A weakened casing doesn’t protect the pigment core very well. Dropping a solidly made pencil isn’t likely to cause damage to the pigment core. Dropping a pencil with a weakened casing is.

Prismacolor Pencils May Break for Other Reasons, too.

Well-made pencils can be damaged in shipment, for example. The possibilities are too numerous to address in this post.

But it is my opinion that most problems are avoidable if you follow the suggestions above. There’s no reason to avoid Prismacolor pencils if you shop and purchase wisely.

6 Comments

  1. Thanks, Carrie! I appreciate your thorough answer, complete with photos. There is one other reason that Prismacolor pencils are often unsharpenable (good word, eh?) I think they get dropped in shipping or stocking, and the core shatters because it is so soft/uncentered/cracked casing/warped. They arrive in our hands already broken!

    1. You’re welcome, Jana.

      I think your additional explanation is as good as any of mine.

      Most pencils are properly made, properly handled, and properly shipped. They reach the customer with no problems. But there are those occasions with a casing is cracked, a core is off center or broken, or when there are other problems.

      For those of us who really like using Prismacolors, it pays to know how to spot potential problems before you buy and how to remedy those minor problems that can be fixed.

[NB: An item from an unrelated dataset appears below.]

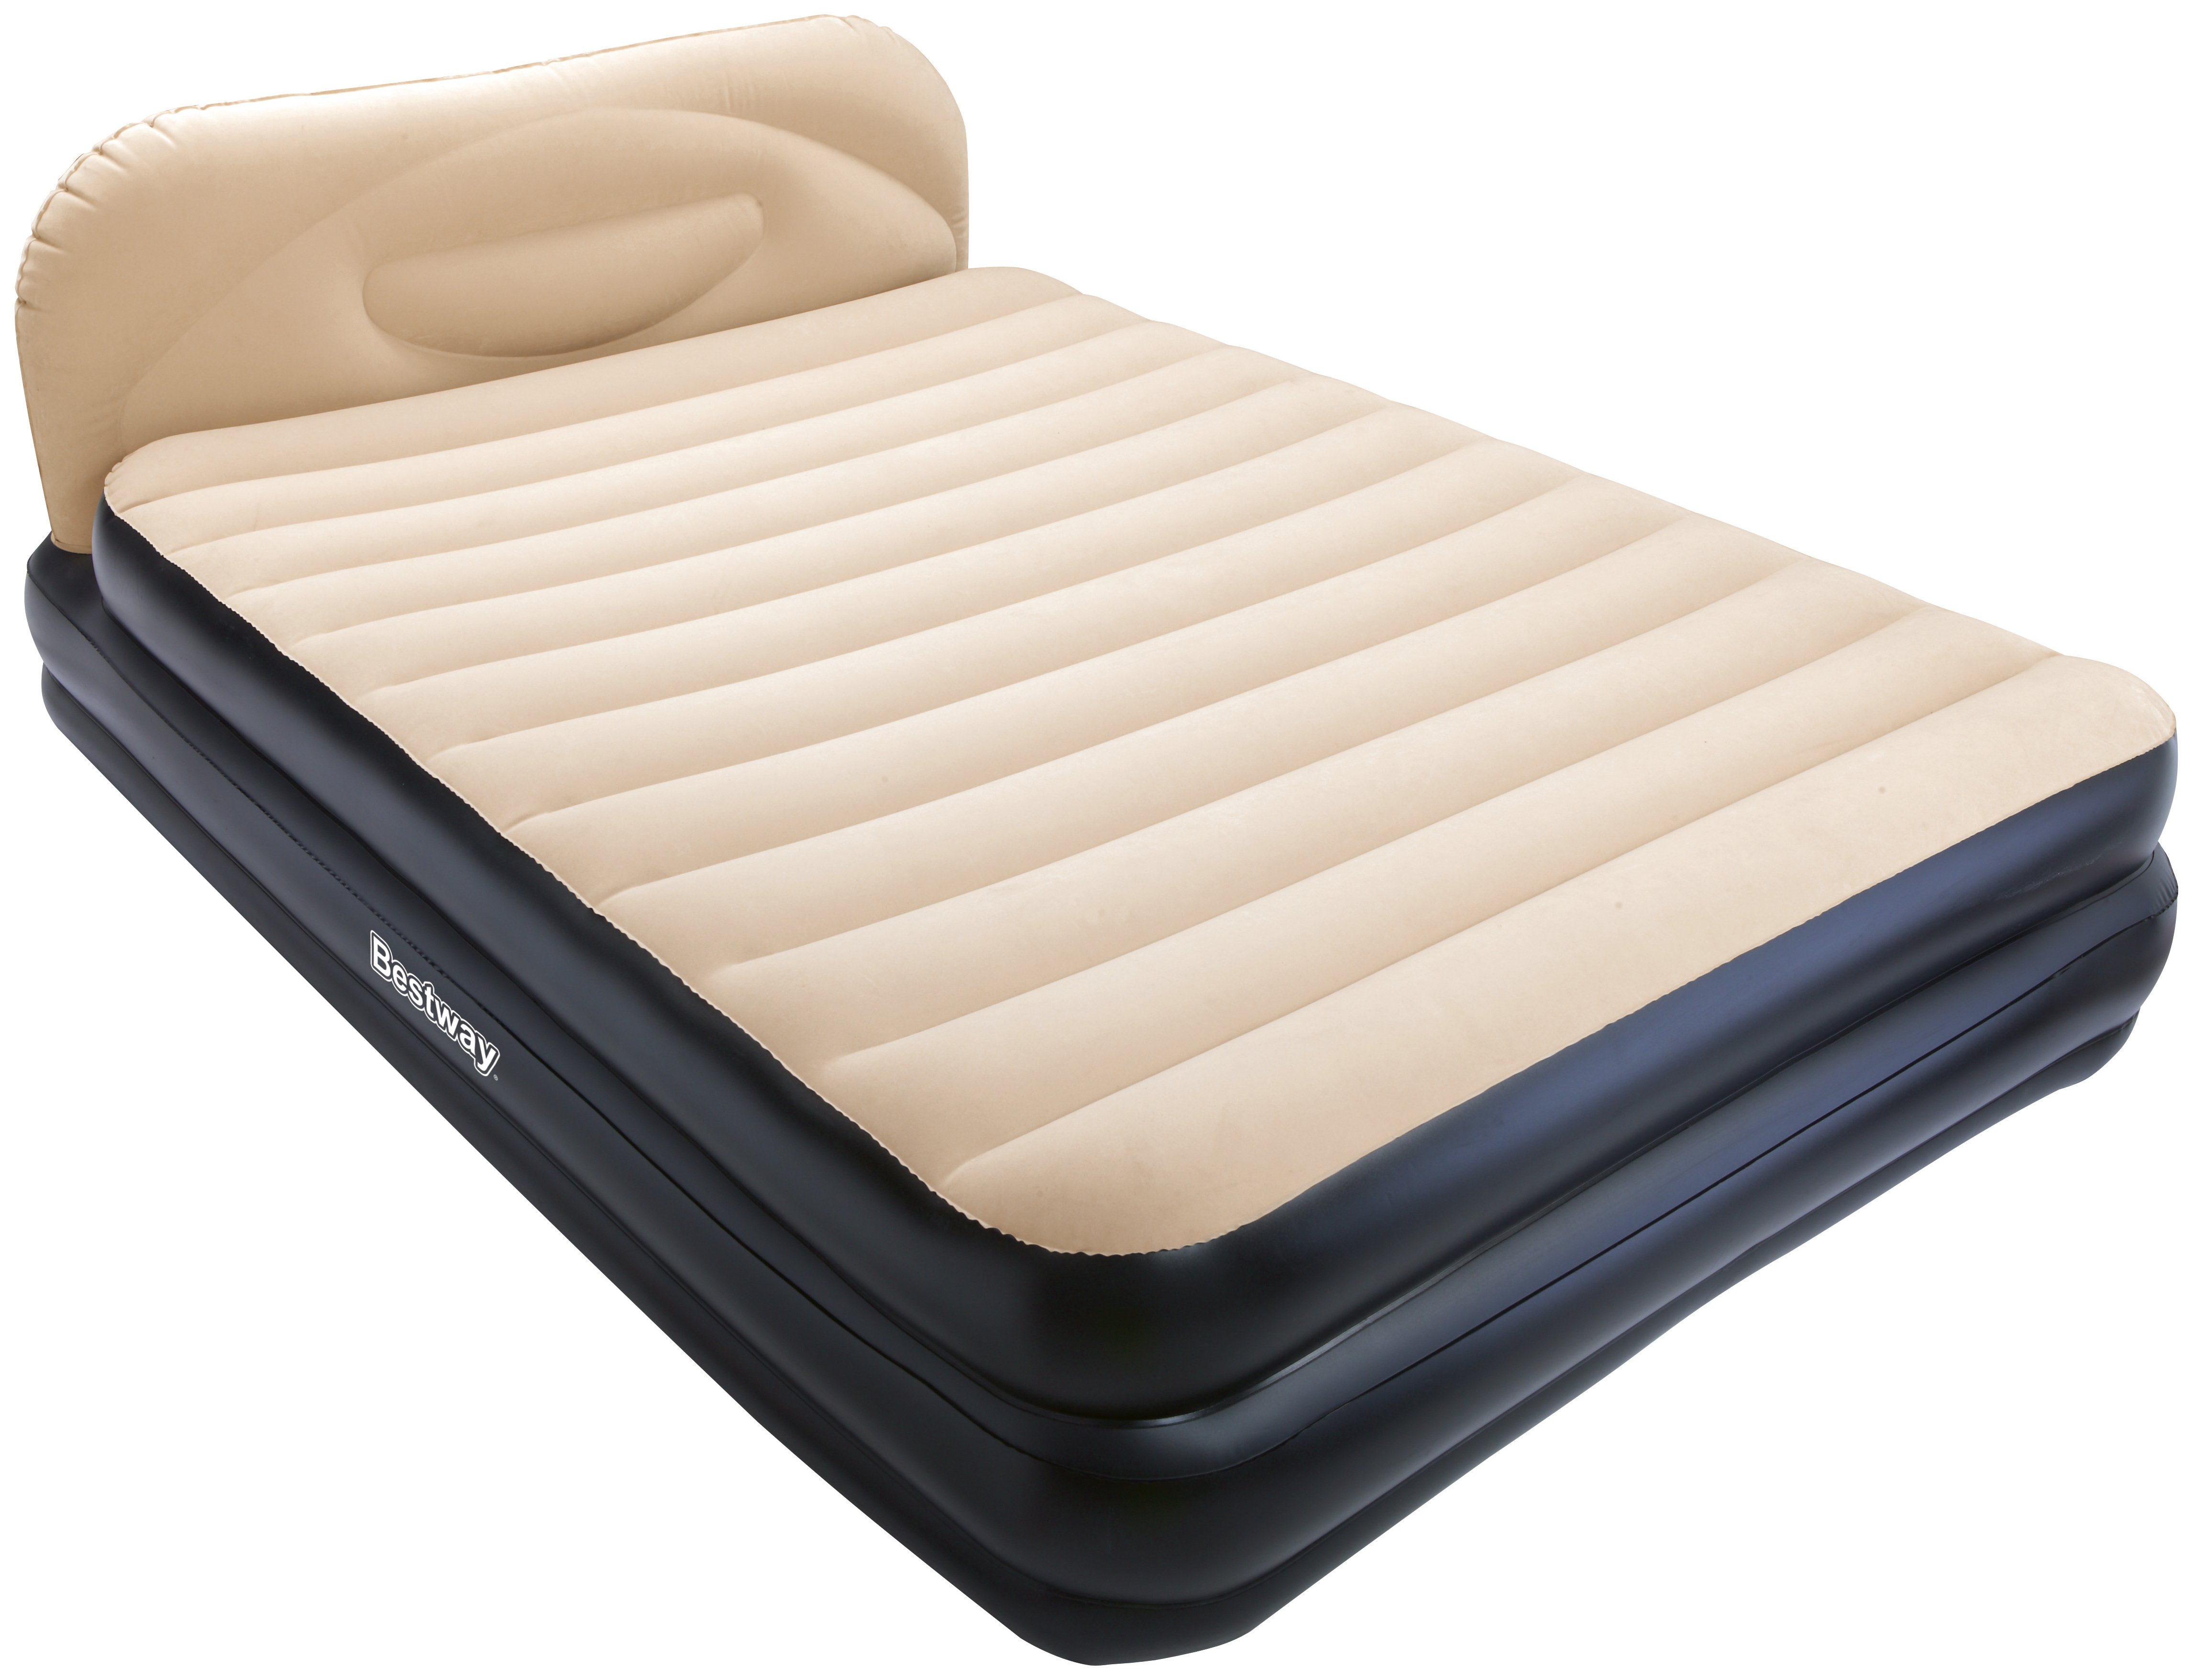 cheap air mattress online

      Thank you for your question!

    1. Patricia,

      When Prismacolor was at the top of it’s game, it was the most commonly available colored pencil in the United States. In those days, they were a great product and very high quality.

      They are still highly recommended based in large part because of that past reputation (in my opinion.)

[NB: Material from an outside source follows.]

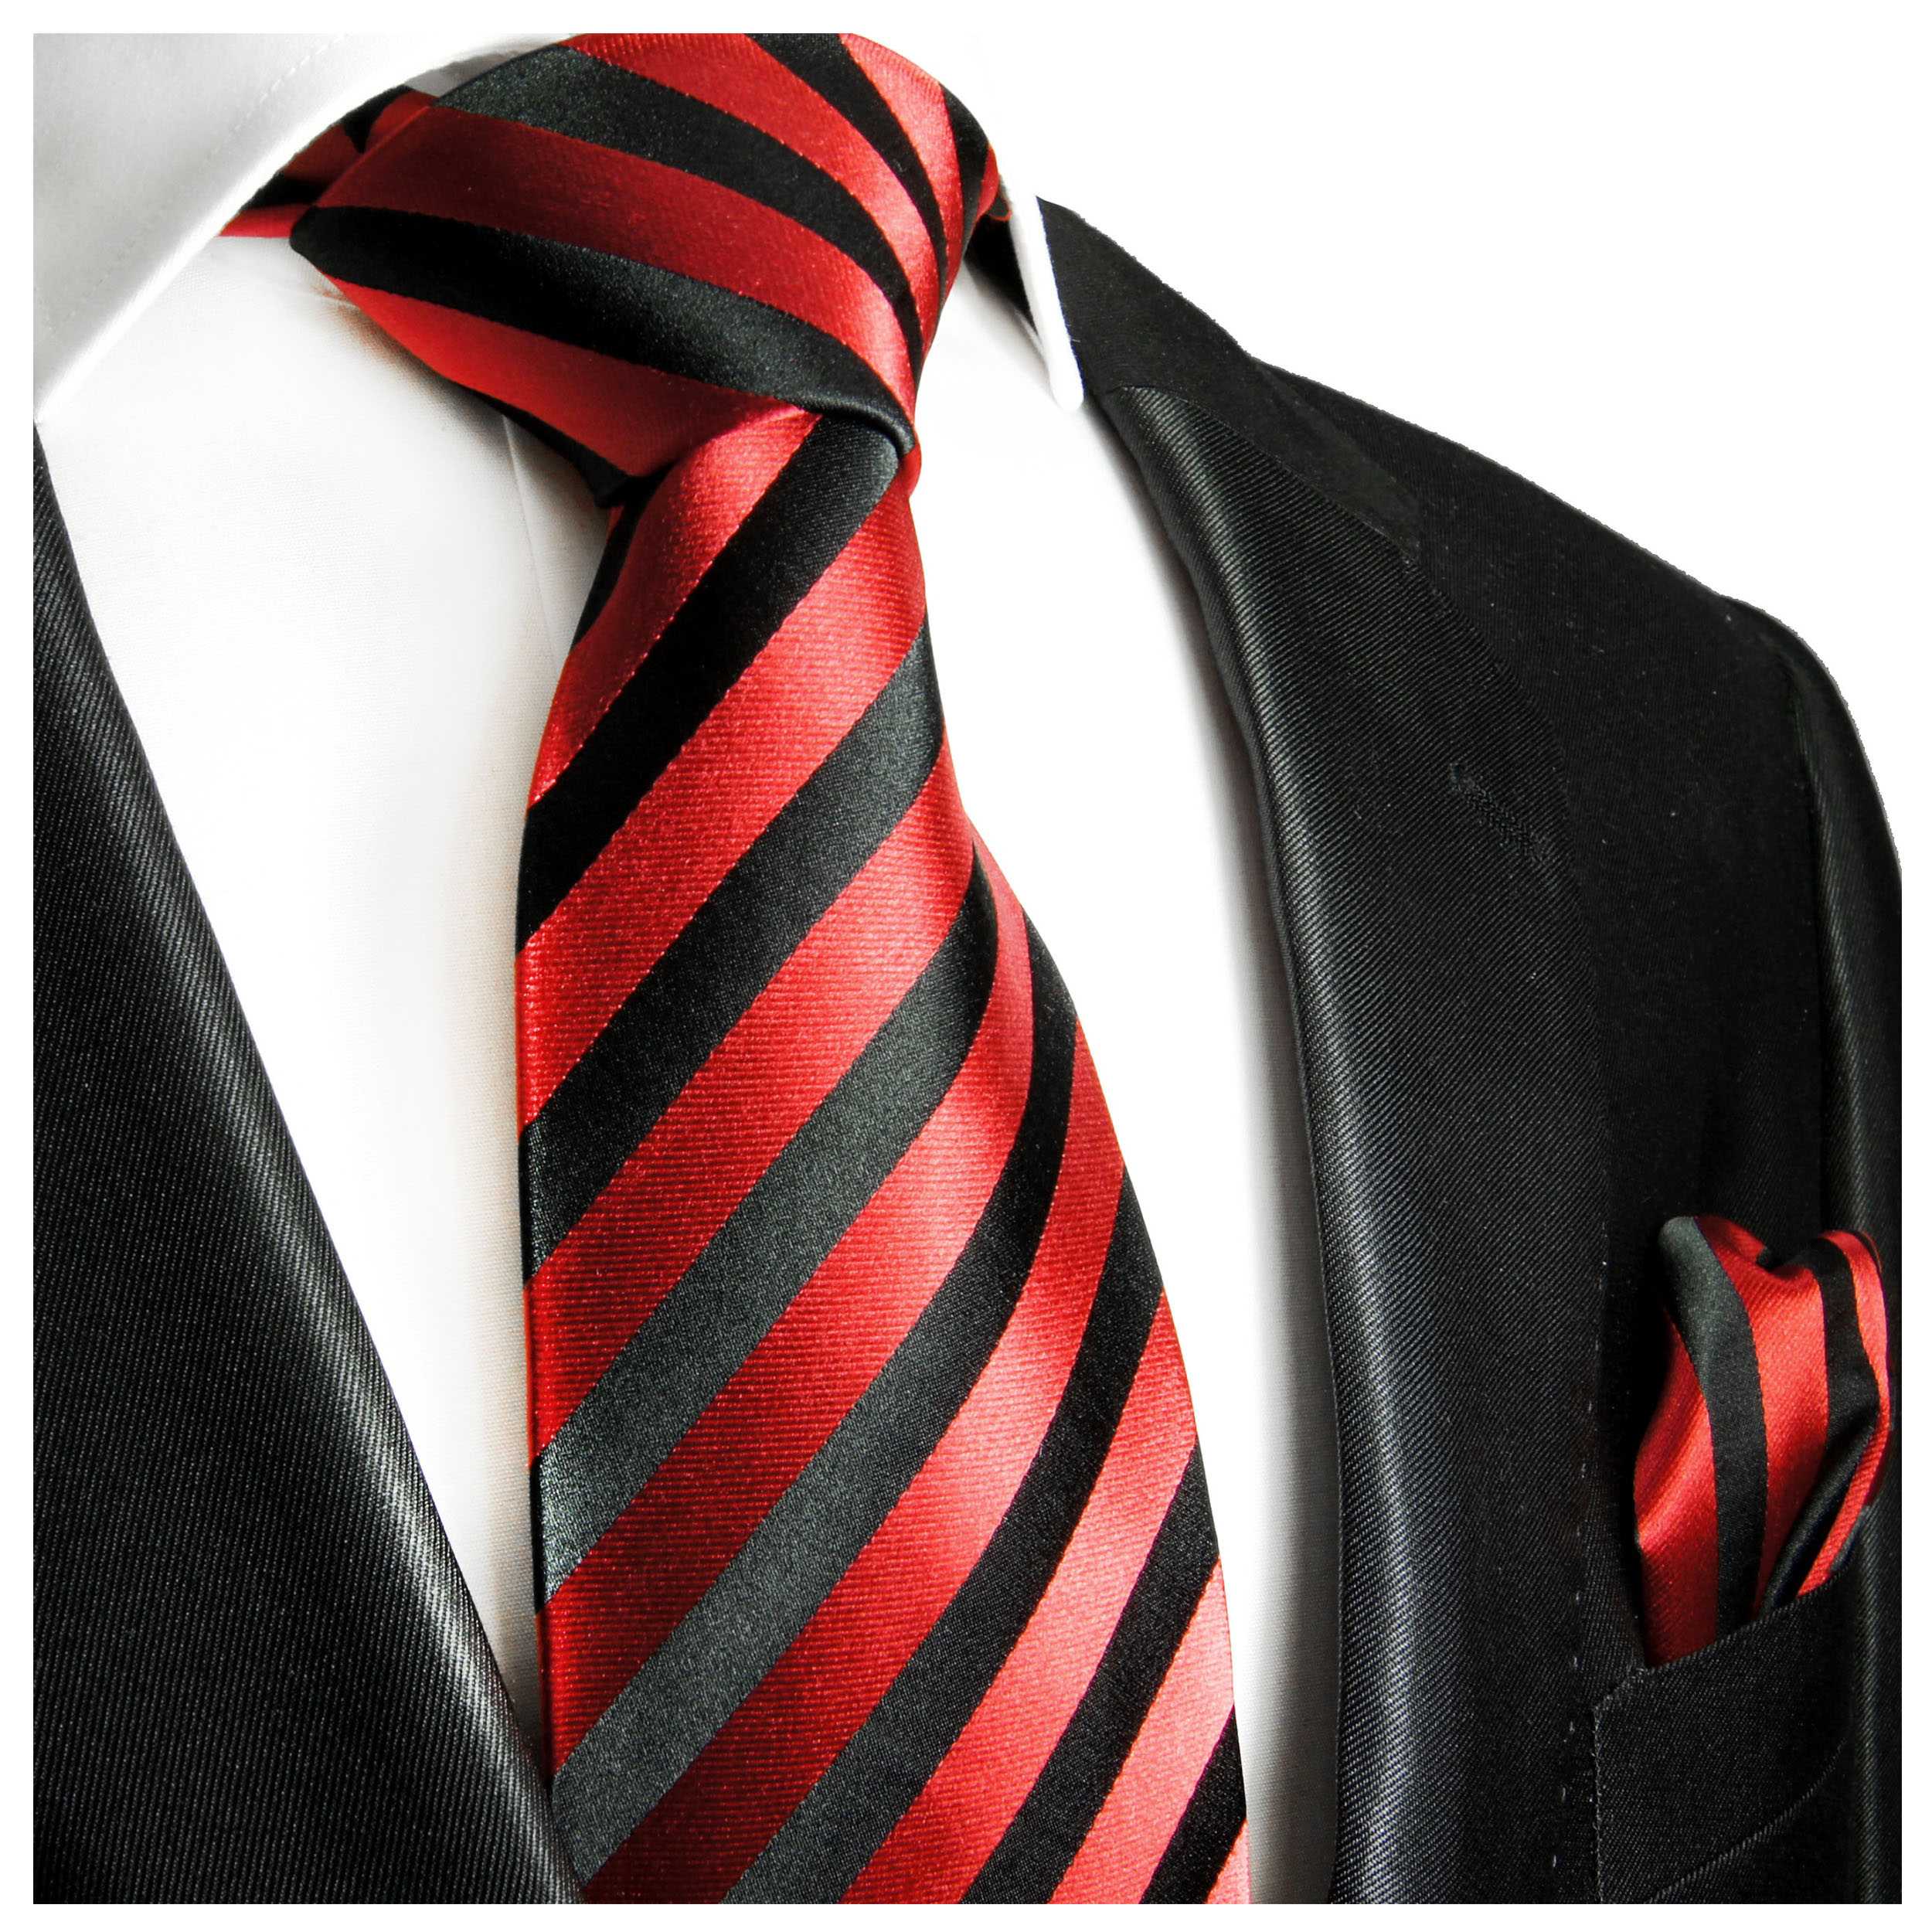 Какой длины должен быть галстук у мужчины по этикету?

      But they are also a wonderful pencil to draw with if you can either ignore or compensate for the declines in overall quality that have happened each time they’re sold to a different parent company.

  2. DaytonaGreg

    I’m positive that it’s because you’ve dropped the pencil in the past before putting it back in the box. When ALL THE OTHERS are fine and just a couple are impossible, we can readily assume, if core is not off center, it was dropped.
    If new, a pile of “Sage Greens” may have been dropped at the factory before splitting each to a separate assortment.

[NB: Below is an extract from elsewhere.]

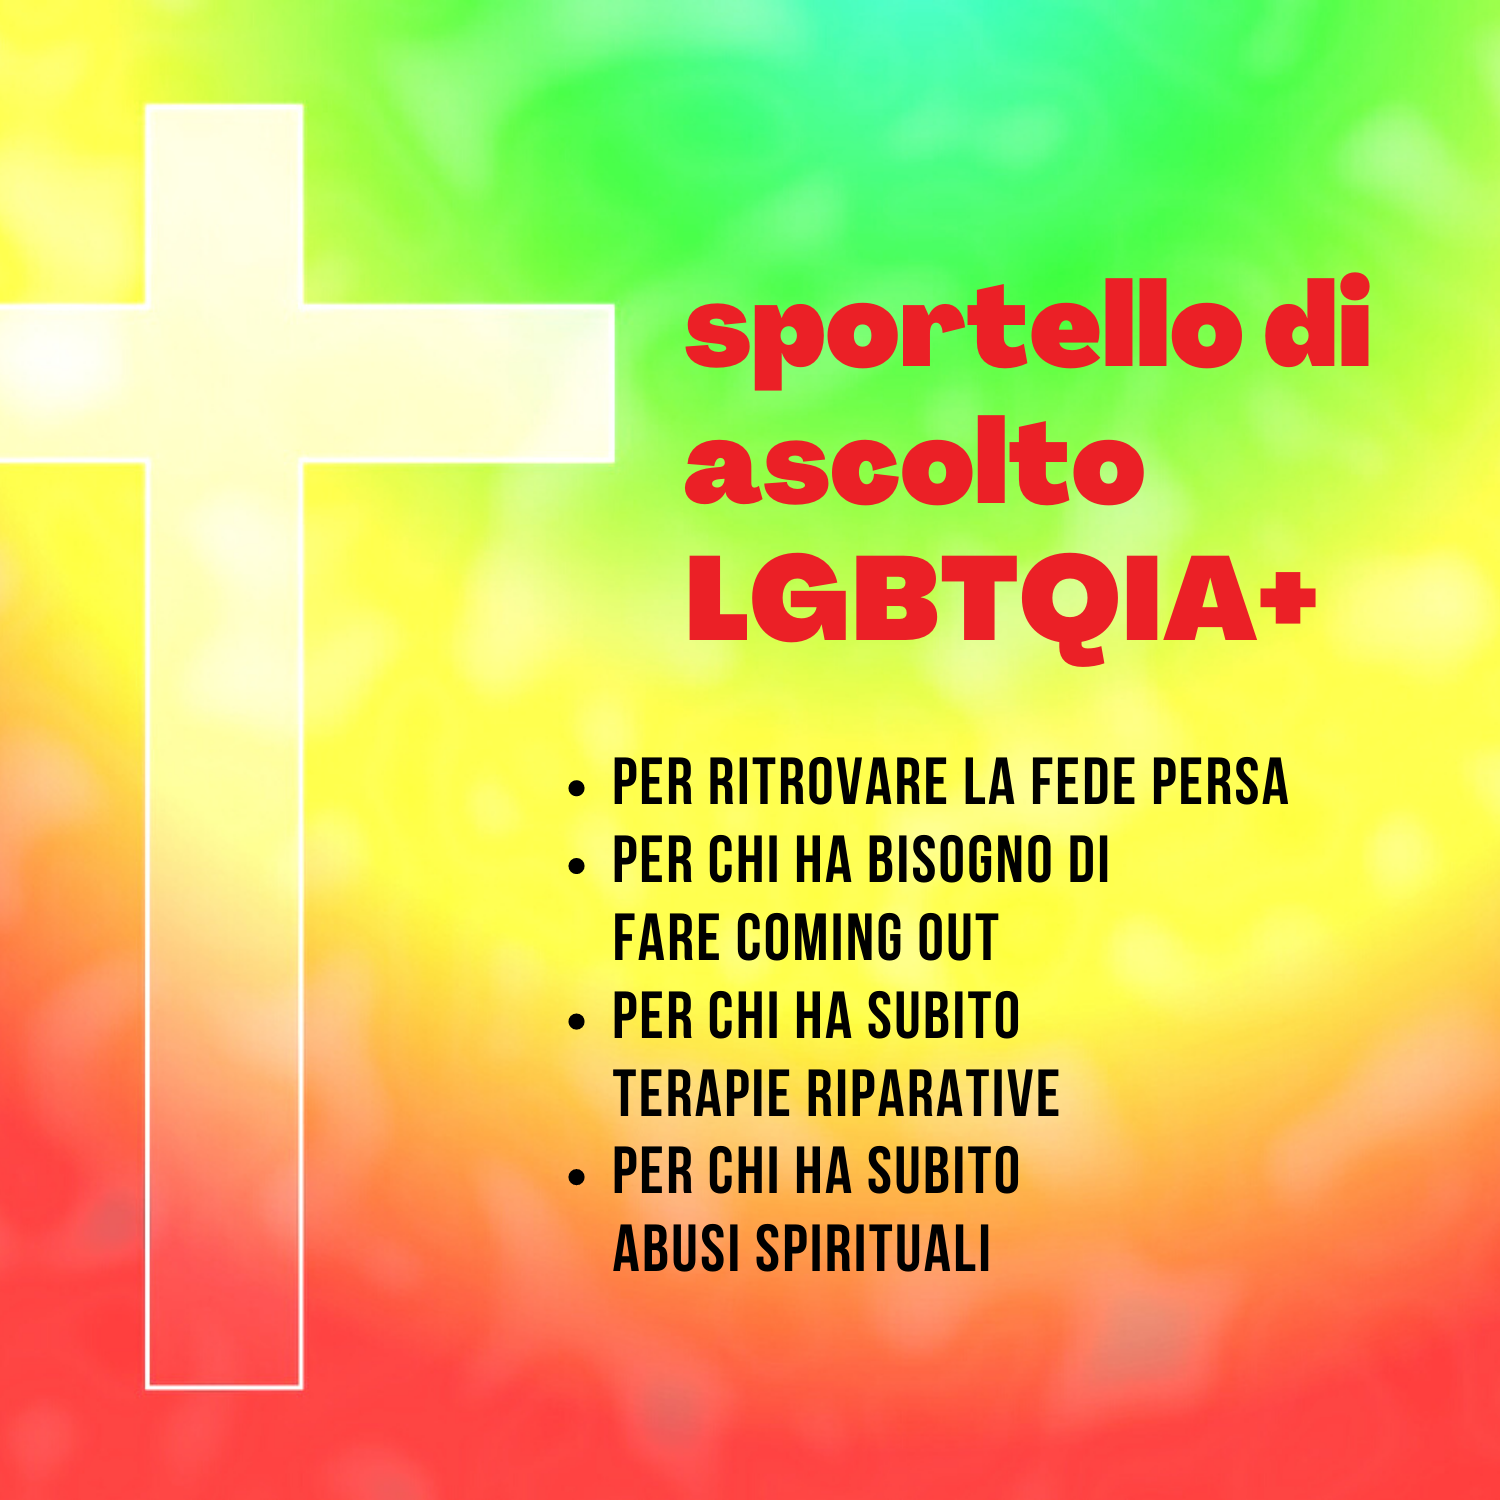 sportello ascolto LGBTQIA+ chiesa vetero cattolica

    1. Thank you for sharing your thoughts.

      Pencils being dropped is definitely a problem. I admit that I’m not the most agile artist that ever lived, but our house is carpeted and unless I was working on location, it’s unlikely a dropped pencil landing on carpet would break. Even taking them to horse shows and other locations, I don’t remember breakage being a problem until the last five to ten years.

      Being dropped in the factory, roughly handled during packing or shipping, and any number of other situations could also contribute to broken pencils.

      However, I have Faber-Castell Polychromos (full set), Caran d’Ache Pablo (full set), Derwent Drawing and Derwent Lightfast (a few of each,) and a number of other types of pencils. Many of them come from other countries. They are all subject to the same hazards in packaging and shipping that Prismacolor pencils are, and I’ve had nowhere near the breakage problems with all of them put together that I’ve had with Prismacolors.

      I also have some very old Prismacolor pencils which have never broken.

      So I have to conclude that the real problems are those cited in this post: Off-center cores, warped pencils, and poor casings (among other things.) All of these things are quality control issues. Yes, you will find batches of good pencils, but they don’t happen often enough to make some artists want to take the risk of buying Prismacolor pencils.

      In defense of Prismacolor, some artists use nothing but Prismacolor. Cynthia Knox is the first artist to come to mind. So far as I know, she uses nothing but Prismacolor and she does wonderful work.

      Personally, I still like using them, too, especially on Stonehenge paper. But I find I’m reaching for them less and less often, and using them more for colors for which none of the other pencils have the right color.

      Thank you again for taking the time to read this post, and to share your thoughts. The pencils each one of us prefer is based on a lot of factors, including personal preference and availability.